§ Data shown:
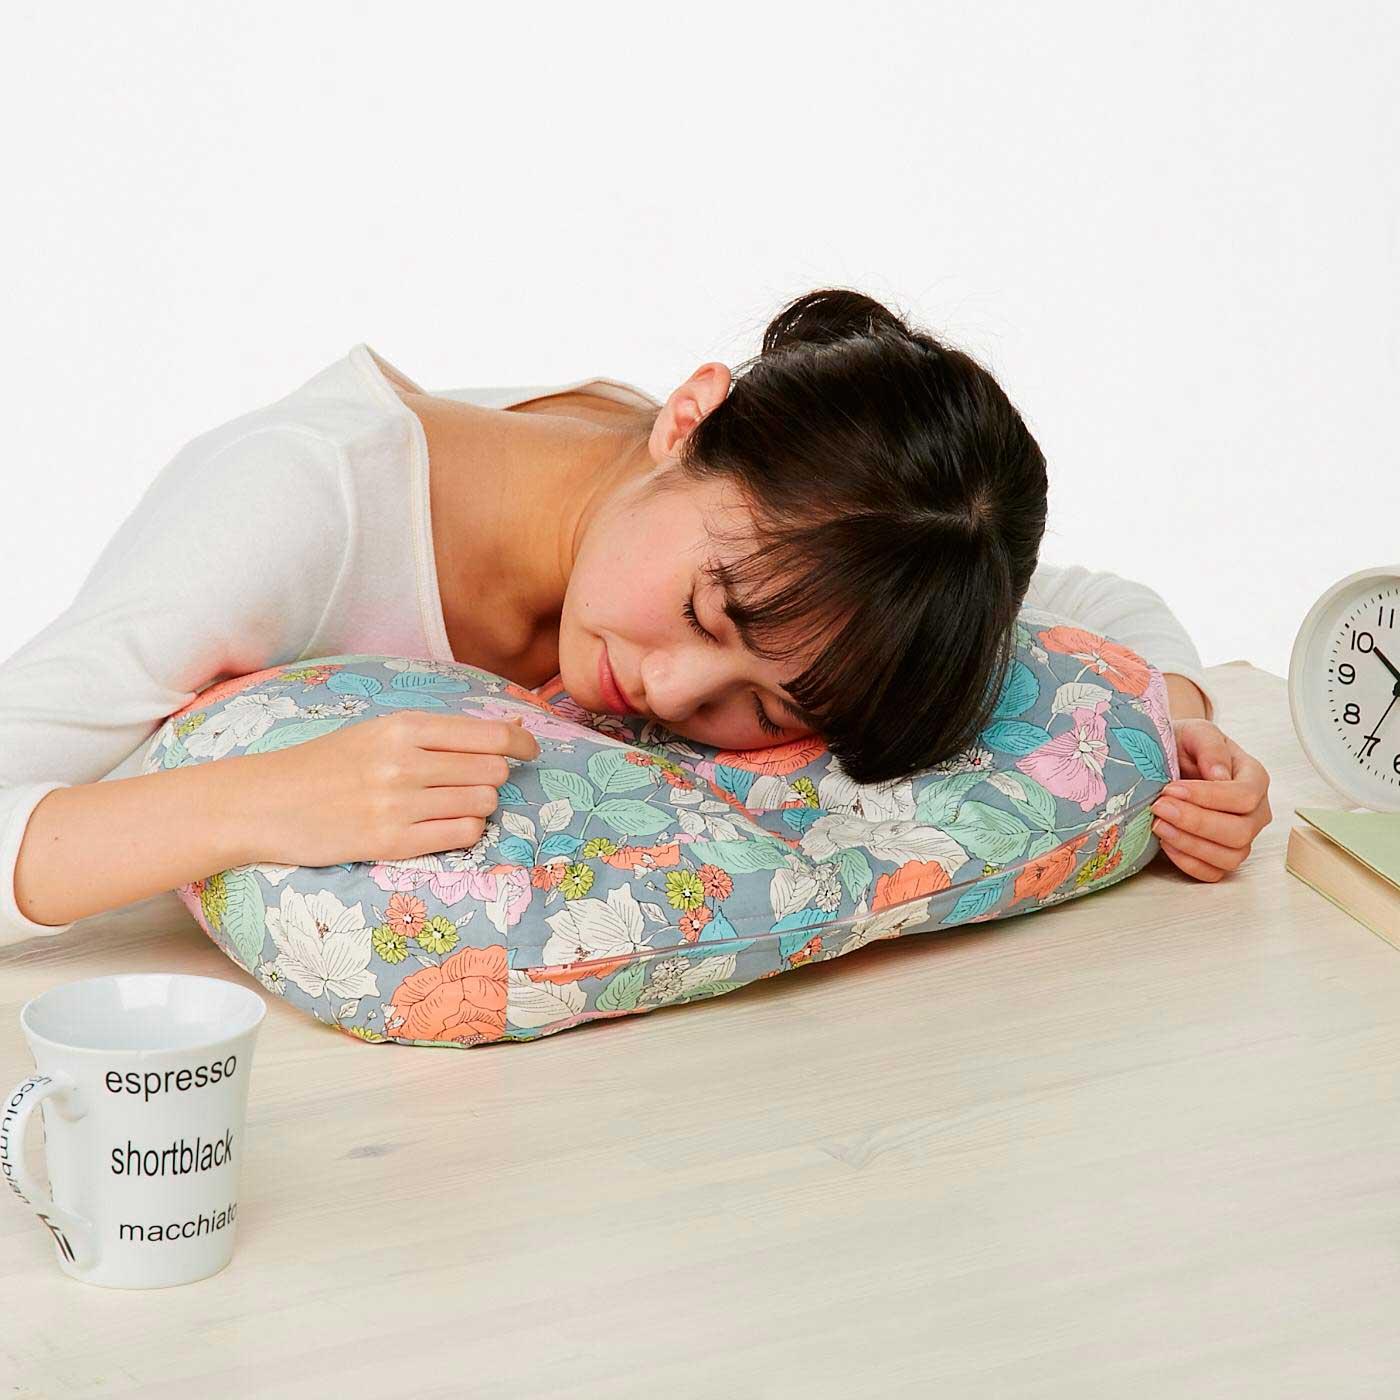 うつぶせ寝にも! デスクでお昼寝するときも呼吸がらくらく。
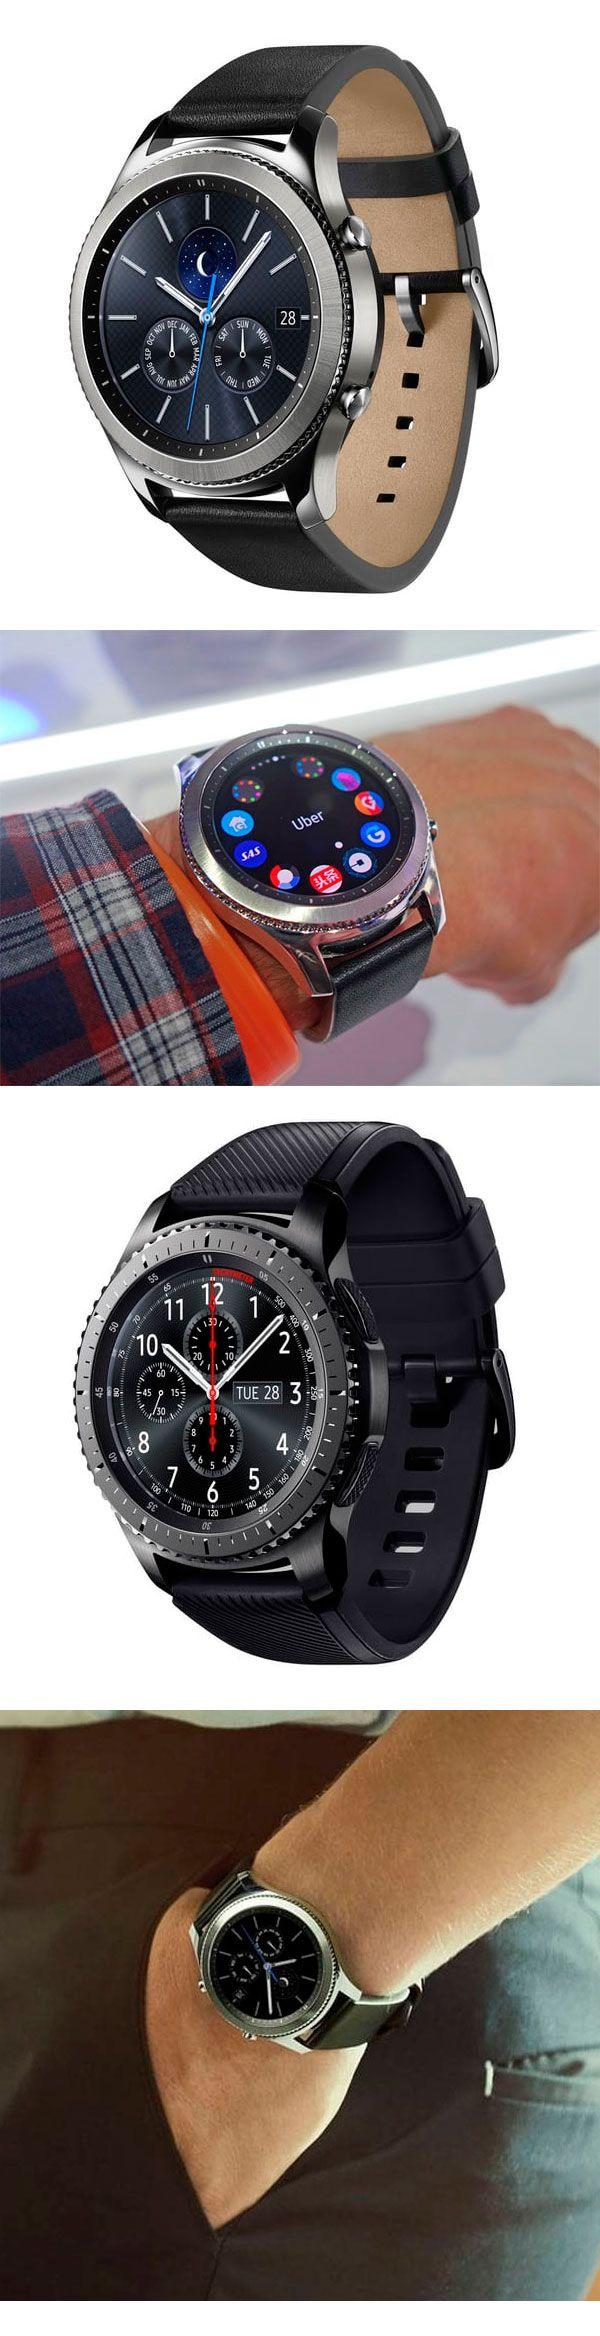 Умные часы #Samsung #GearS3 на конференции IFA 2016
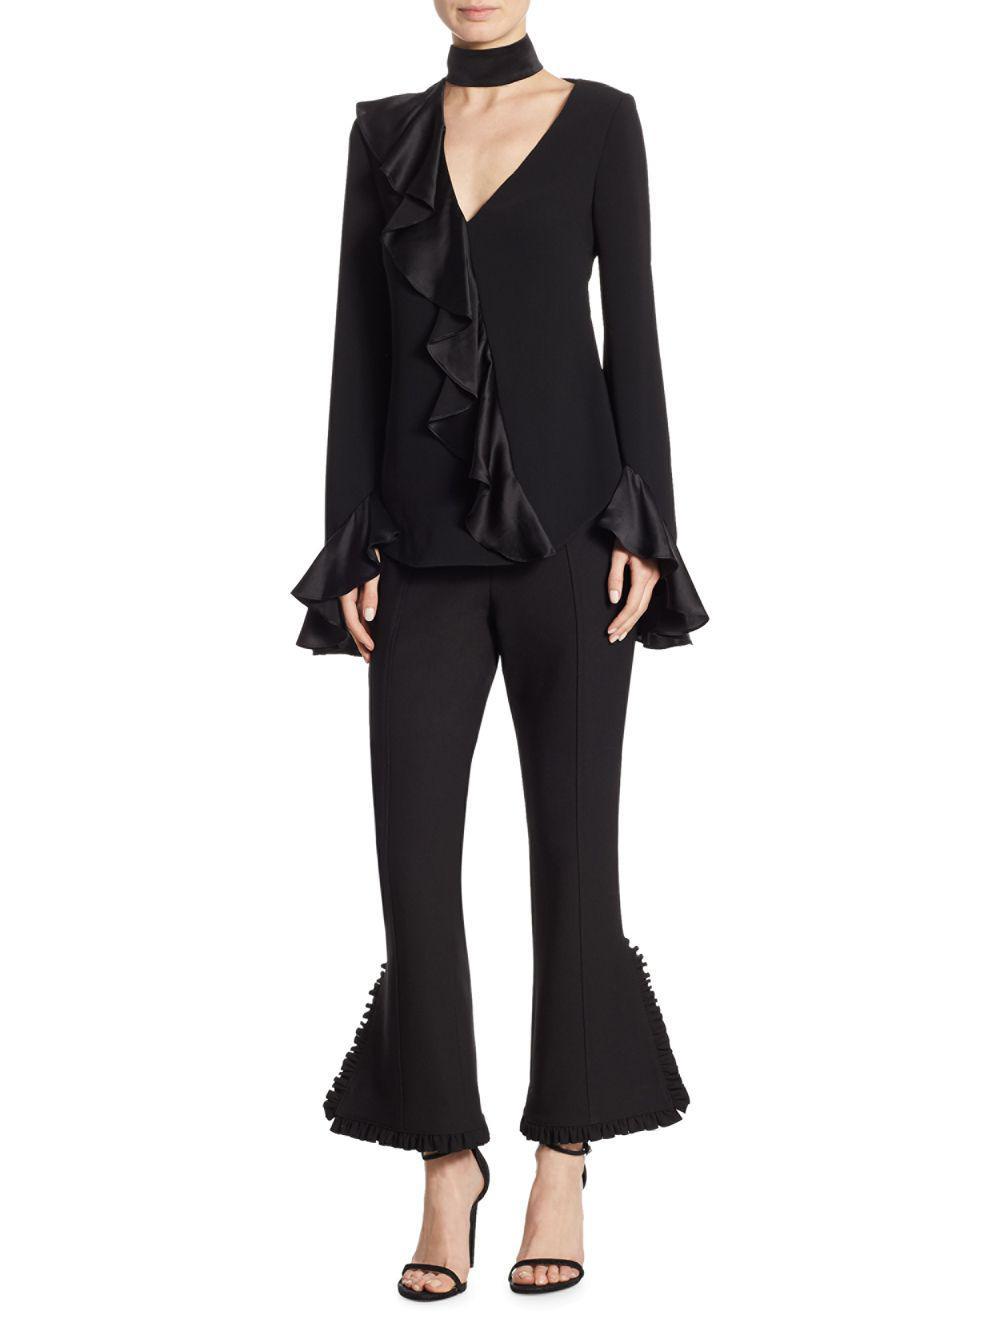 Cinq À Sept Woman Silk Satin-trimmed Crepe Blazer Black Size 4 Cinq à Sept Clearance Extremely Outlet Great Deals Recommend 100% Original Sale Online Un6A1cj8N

§ Problem requirements: Repeat the data exactly as given. Keep every picture out of the copy.

§ Task response:
 うつぶせ寝にも! デスクでお昼寝するときも呼吸がらくらく。
 Умные часы #Samsung #GearS3 на конференции IFA 2016
 Cinq À Sept Woman Silk Satin-trimmed Crepe Blazer Black Size 4 Cinq à Sept Clearance Extremely Outlet Great Deals Recommend 100% Original Sale Online Un6A1cj8N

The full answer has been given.